Гипоспадия

06.07.2009

Гипоспадия (hypospadia; греч. hypo- + spadon расщелина, трещина; синоним нижняя расщелина мочеиспускательного канала) — врожденный порок развития мочеиспускательного канала, заключающийся в его незаращении на протяжении вентральной (нижней) поверхности полового члена. При этом наружное отверстие мочеиспускательного канала открывается в области венечной борозды, ствола полового члена, в области мошонки или промежности. Соответственно различают головчатую, стволовую, членомошоночную, мошоночную и промежностную формы Г. Особой формой является так называемая гипоспадия без гипоспадии, характеризующаяся недоразвитием (укорочением) мочеиспускательного канала. Частота Г. составляет 1 случай на 200—300 новорожденных мальчиков. Г. часто сопровождается недоразвитием кавернозных тел полового члена, мошонки и яичек, ложным крипторхизмом; иногда сочетается с пороками развития других органов и систем. Возникновение Г. относят к 10—14-й неделе эмбрионального развития, когда происходят формирование мочеиспускательной трубки из уретральной борозды, слияние ее проксимального и дистального отделов и развитие пещеристых тел.

Нарушение синхронности этих процессов, задержка и остановка развития уретры влечет за собой возникновение Г. На протяжении участка, на котором первичная уретральная борозда не трансформировалась в трубчатый орган, происходит ее перерождение в короткий и плотный соединительнотканный эмбриональный тяж, приводящий к деформации полового члена, вогнутости его вентральной поверхности и укорочению. Наиболее вероятной причиной возникновения Г. считается гормональный дисбаланс, когда в кровоток организма матери под влиянием нервно-психического стресса, инфекционных или воспалительных заболеваний, патологии надпочечников происходит выброс избыточного количества гормонов (гиперэстрогения). Помимо атипичной локализации наружного отверстия уретры, укорочения, недоразвития и деформации полового члена, при Г. может наблюдаться сужение отверстия уретры. Это приводит к затрудненному мочеиспусканию, задержке мочи, вторичному расширению мочеточников, почечных лоханок и чашечек, их атонии.
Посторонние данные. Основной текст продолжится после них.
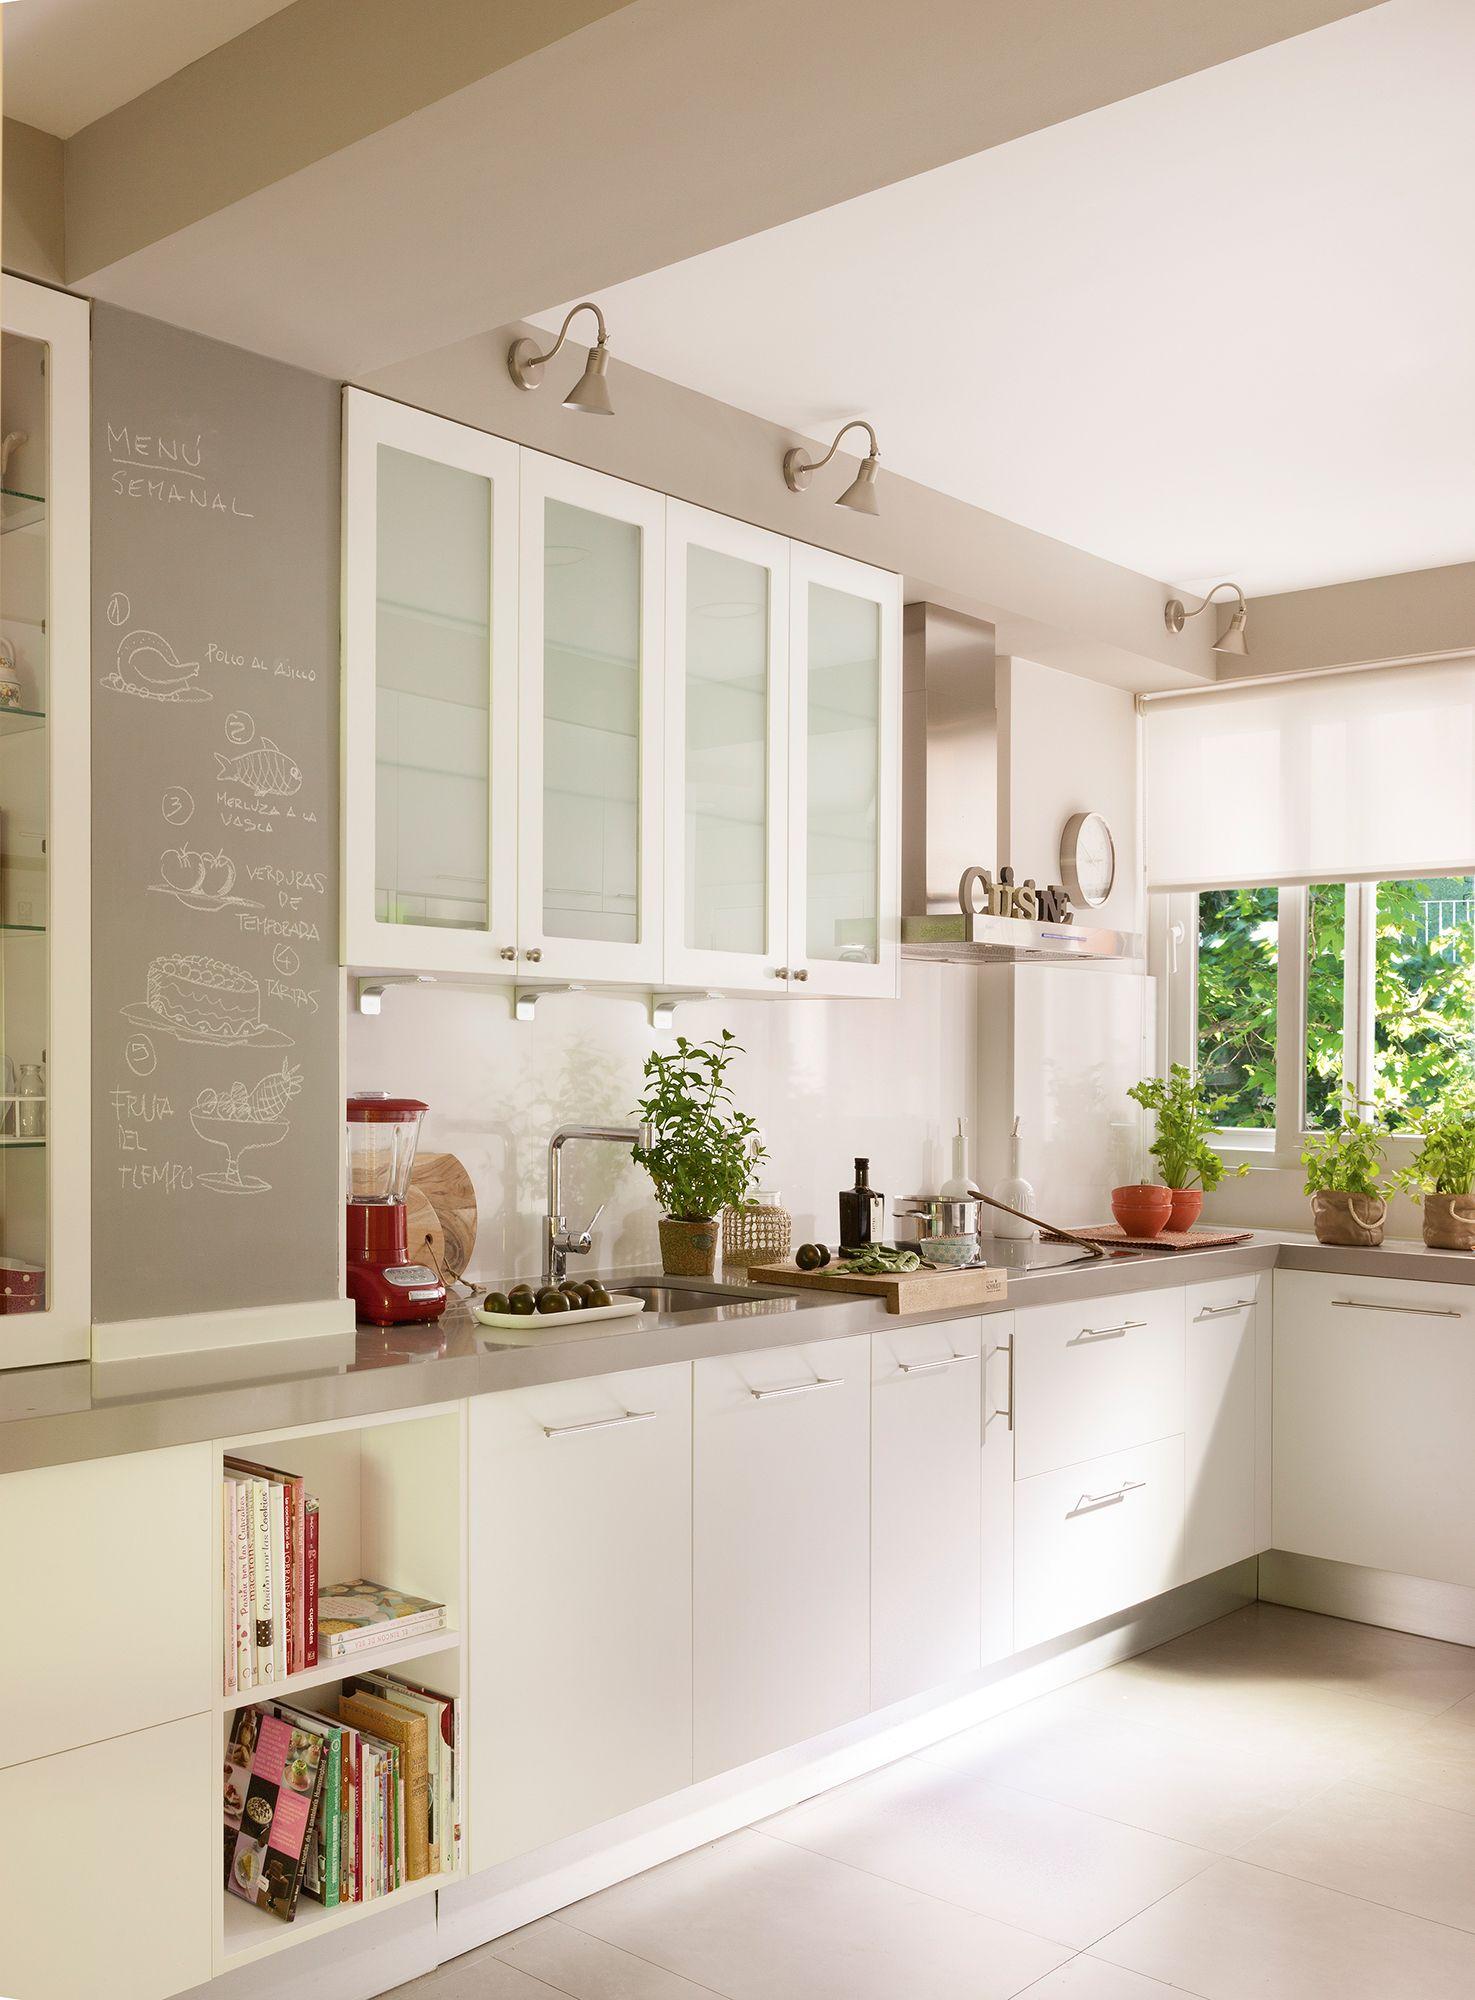 20 apliques para todo uso ideas para ganar luz - Apliques de cocina ...

Характерным симптомом Г. является разбрызгивание струи мочи, что вынуждает больных мочиться сидя. У взрослых Г. затрудняет или делает невозможным половой акт. Все это постепенно отрицательно отражается на нервно-психическом состоянии больных, обусловливая их замкнутость, раздражительность, отчужденность. Диагноз Г. обычно не вызывает трудностей. Однако в случае мошоночной и промежностной форм могут возникать сложности при определении пола. В подобных случаях необходима консультация эндокринолога, уролога и генетика, т.к. ошибки при определении пола в раннем детском возрасте приводят к необходимости его хирургической коррекции с последующей сложной социальной реабилитацией и психологической переориентацией.

Лечение Г. хирургическое. При сужении наружного отверстия уретры производят ее рассечение (меатотомию). В возрасте 1 года иссекают соединительнотканный эмбриональный тяж (хорду) вдоль ствола полового члена и замещают кожный дефект путем перемещения встречных кожных лоскутов. Второй этап операции (пластику мочеиспускательного канала) производят в возрасте 6—7 лет. Прогноз при своевременном хирургическом лечении Г. благоприятный. Начиная с рождения и до завершения лечения больные Г. подлежат диспансерному наблюдению с целью своевременного направления на хирургическое лечение и выявления возможных послеоперационных вторичных деформаций полового члена.

Библиогр.: Савченко Н.Е. Гипоспадия и ее лечение, Минск, 1962, библиогр.; Скородок Л.М. и Савченко О.И. Нарушения полового развития у мальчиков, М., 1984.